After the guard left, Jeremy paced his cell. Thirty-seven. I’m thirty-seven years old. He repeated this over and over again to make it real.

He rubbed his cheeks, the corners of his eyes, thinking he could almost feel a new tenderness to his skin. Then he touched his chest, lifted his T-shirt, and discovered shapes he didn’t recognize: a slight bulge of the abdomen, a roundness to his hips. For the first time, he was aware of aging. And yet he felt like he had just turned twenty a few days earlier.

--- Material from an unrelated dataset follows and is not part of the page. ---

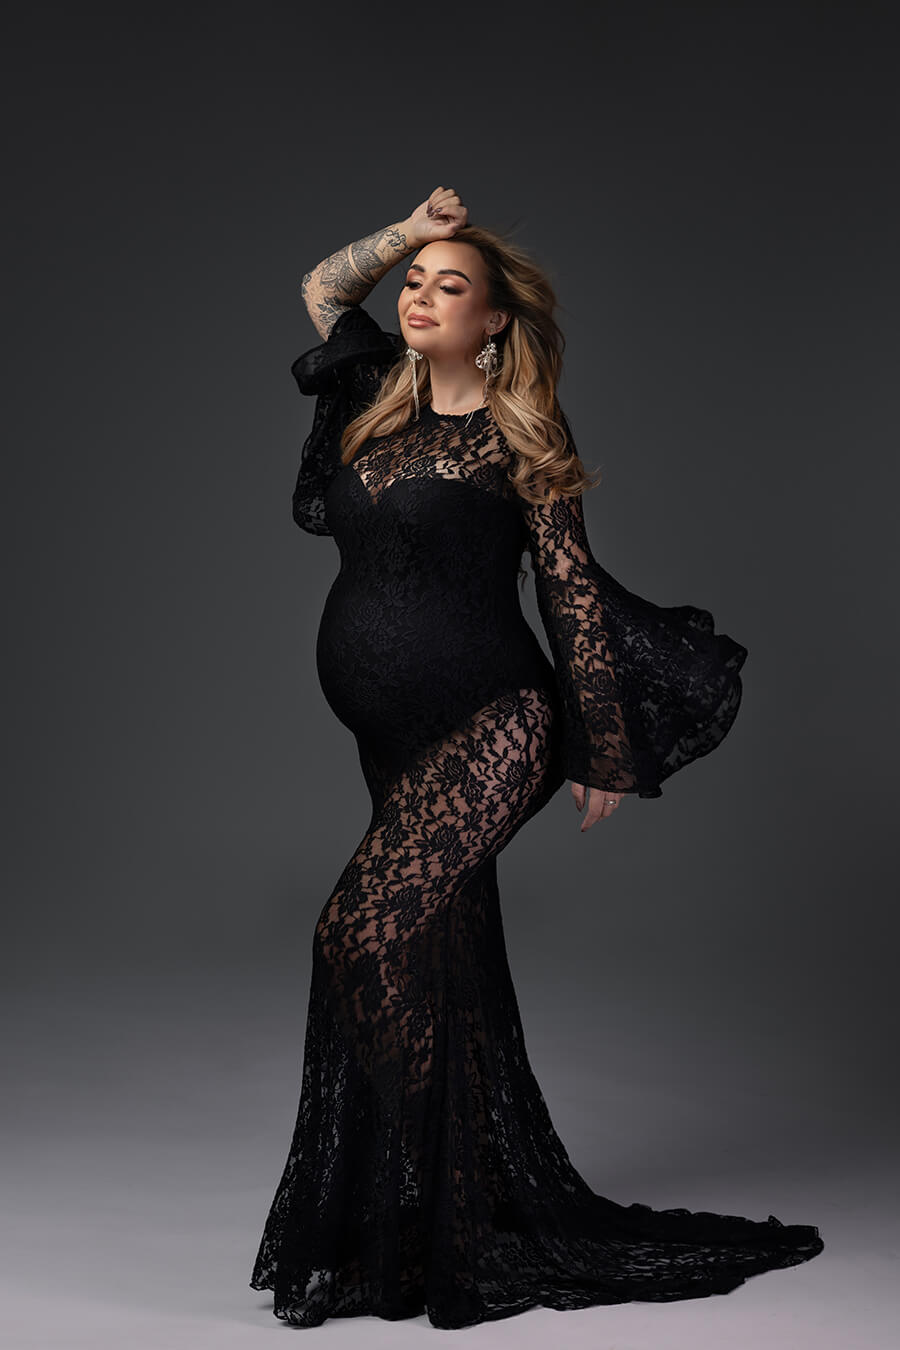 blond pregnant model poses in a studio wearing a long lace dress with bell sleeves and a bodysuit under

Jeremy opened the small closet next to his bed. It only took a few seconds to inspect its meager contents: a few pieces of clothing, liquid soap, a pair of shoes, and two sports magazines. He looked for a connection to the outside world, the past, the present. He had started to grow accustomed to these little hunts in search of lost meaning. In the pocket of a jacket hanging from the door, he found three letters. The most recent was dated March 12, 2017. He noted, first with annoyance, that none were from Victoria. Then he rejoiced; his plan had worked. She had distanced herself from him, doing what was best for her. The three letters were from Clotilde. Clotilde, whom he didn’t know. Clotilde, whom he didn’t love. Victoria’s friend. His best friend’s wife. And Jeremy’s mistress.

Jeremy,

I decided to write after thinking a lot about what happened. The way you behaved on your birthday…I was really upset. You weren’t yourself. Or anyway, not the person I know and love. I realized that when they told me you confessed to dealing drugs. Why did you do that? What were those drugs doing in your apartment? Pierre, on the other hand, was less surprised when he heard you were arrested. He thought it was the “inevitable end to your long descent.” He’s still nostalgic for the friend you were and that he lost.

He worries a lot about Victoria. She’s a little lost. Your incarceration destroyed her. She says the one who tried to find her on that infamous May 8, 2012, was in fact the Jeremy she loved. That he confessed so she could get away. It’s all so strange. I love the man she hates. She loves the amnesiac with a guilty conscience. A pure and true sort of man who shines through for a few hours once a decade and pierces the veil of his twisted personality. For me, if you are sick, it’s when you play the distraught lover who’s capable of turning on himself.

I don’t know how you’ll approach the trial. Pierre says it’ll be impossible to plead insanity. When they had you committed, you always argued against it. You had plenty of evidence to prove your mental health. Victoria will use it against you.

It’ll be a strange trial where each of the parties involved defends the opposite position from the one they held during commitment proceedings.